Zeniba waited until Yauxal had flown out of sight, then turned her attention to the swamp. She couldn’t speak to the water like the dragons could, but she had been out there every day for centuries, and her senses told her that things weren’t right. They never had been. She had built her house here when she realized that the worlds were still connected here beneath the rock, and at first she had thought that the wrongness in the swamp was because the lake was polluted on the human side. But the small silver fish that used this point to cross the border told her it wasn’t so. They told her that it was because the lake was dead. For a long time she could not understand how this was so - the lake existed and things lived in it, so how can it be dead? - but its spirit had never awakened. And she saw that the problem was much more widespread than Swamp Bottom. There were many such “dead” places. It had begun when the two worlds split off from one another, but in recent years the number had grown exponentially. Did it have something to do with the barrier going up? Was it related to the scarcity of spirit children? No one could understand it, and few tried.
That’s the problem when you are your territory, Zeniba thought. Why pay attention to anything else?
And then, seven years ago, Haku showed up at her door. Rivers had been destroyed by humans before. The spirits of those rivers had died. Haku survived. He seemed to have no memories of his past and only the most rudimentary of a dragon’s magic, but he was alive.

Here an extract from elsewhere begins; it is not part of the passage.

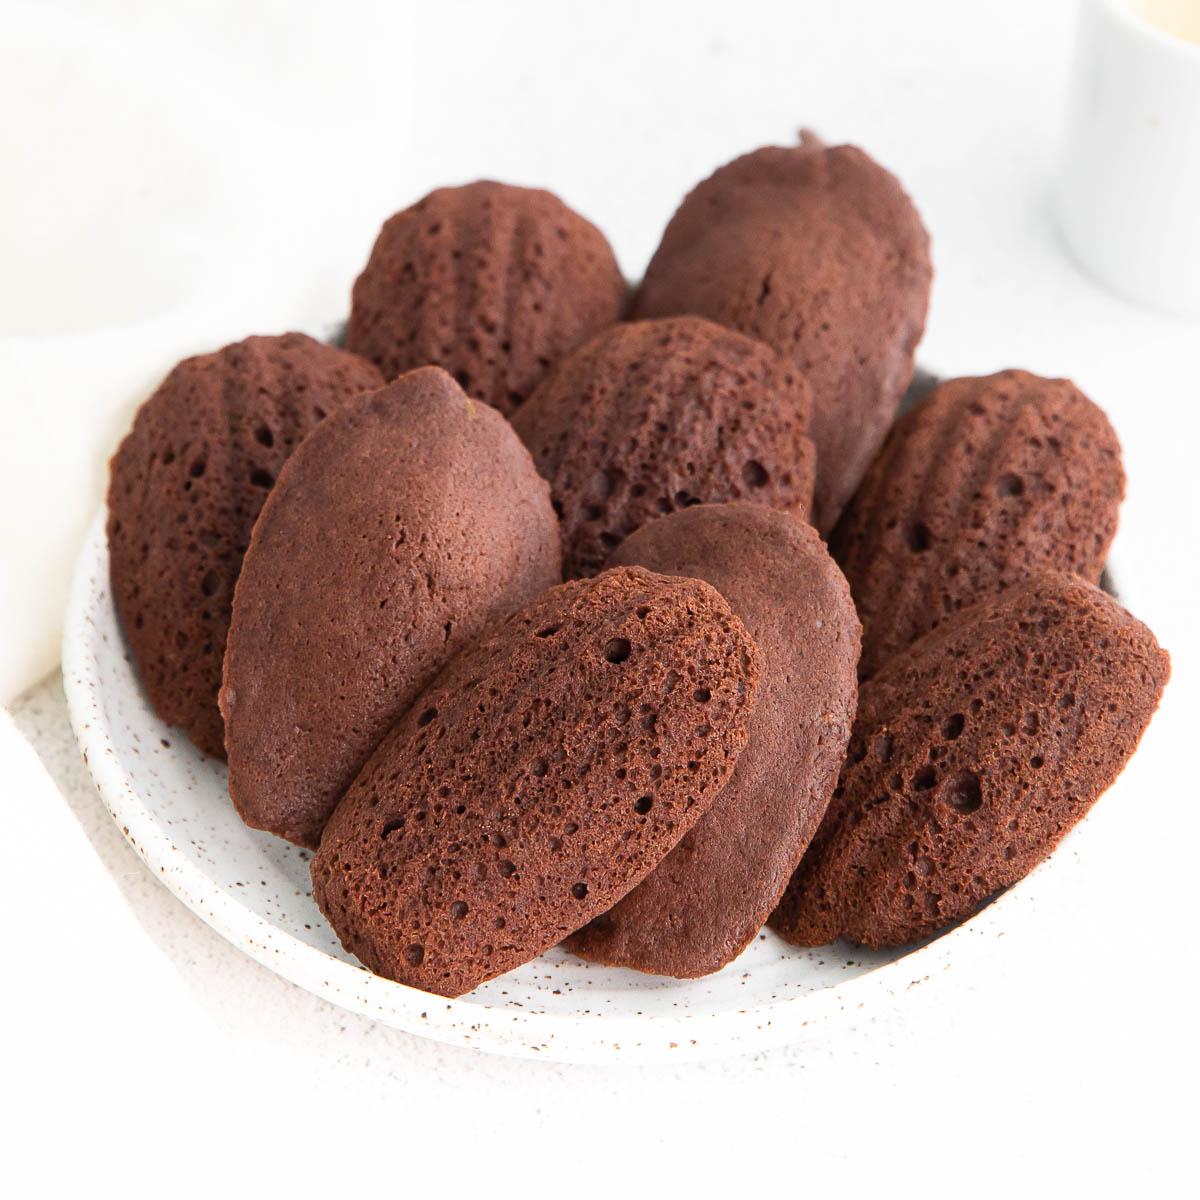 white dish of chocolate madeleines

A spirit without a river, and a spring without a spirit. It had seemed like a perfect match. Zeniba had hoped that the spring would somehow adopt Haku, and that it would heal him in the process. Haku had been reluctant, but had also wanted to please her, and so for the year and a half that he had stayed with her, she had watched him go out there every night to sit in the water, letting his magic flow out over the surface. Nothing had ever come of it. Something prevented Haku from inhabiting with the spring. Perhaps such a thing was never possible. It was clear to her how devastated he was by the this failure, no matter how well he hid it, so she could never bring herself to ask him what it felt like, or if there was a reason to it all. Even so, she thought, of all of Nihonkai's sons, he has the most potential. Even now.
Beside her, a shadowy spirit faded into view. The white surface of its mask shone under the light from the lantern and the moon.
“No Face, you’re back,” Zeniba said, smiling. “Did you find her? Did it work?”
The figure nodded.
“Good work,” Zeniba said, ushering No Face into the warmth of the cabin. “So,” she muttered under her breath. “She dreams.”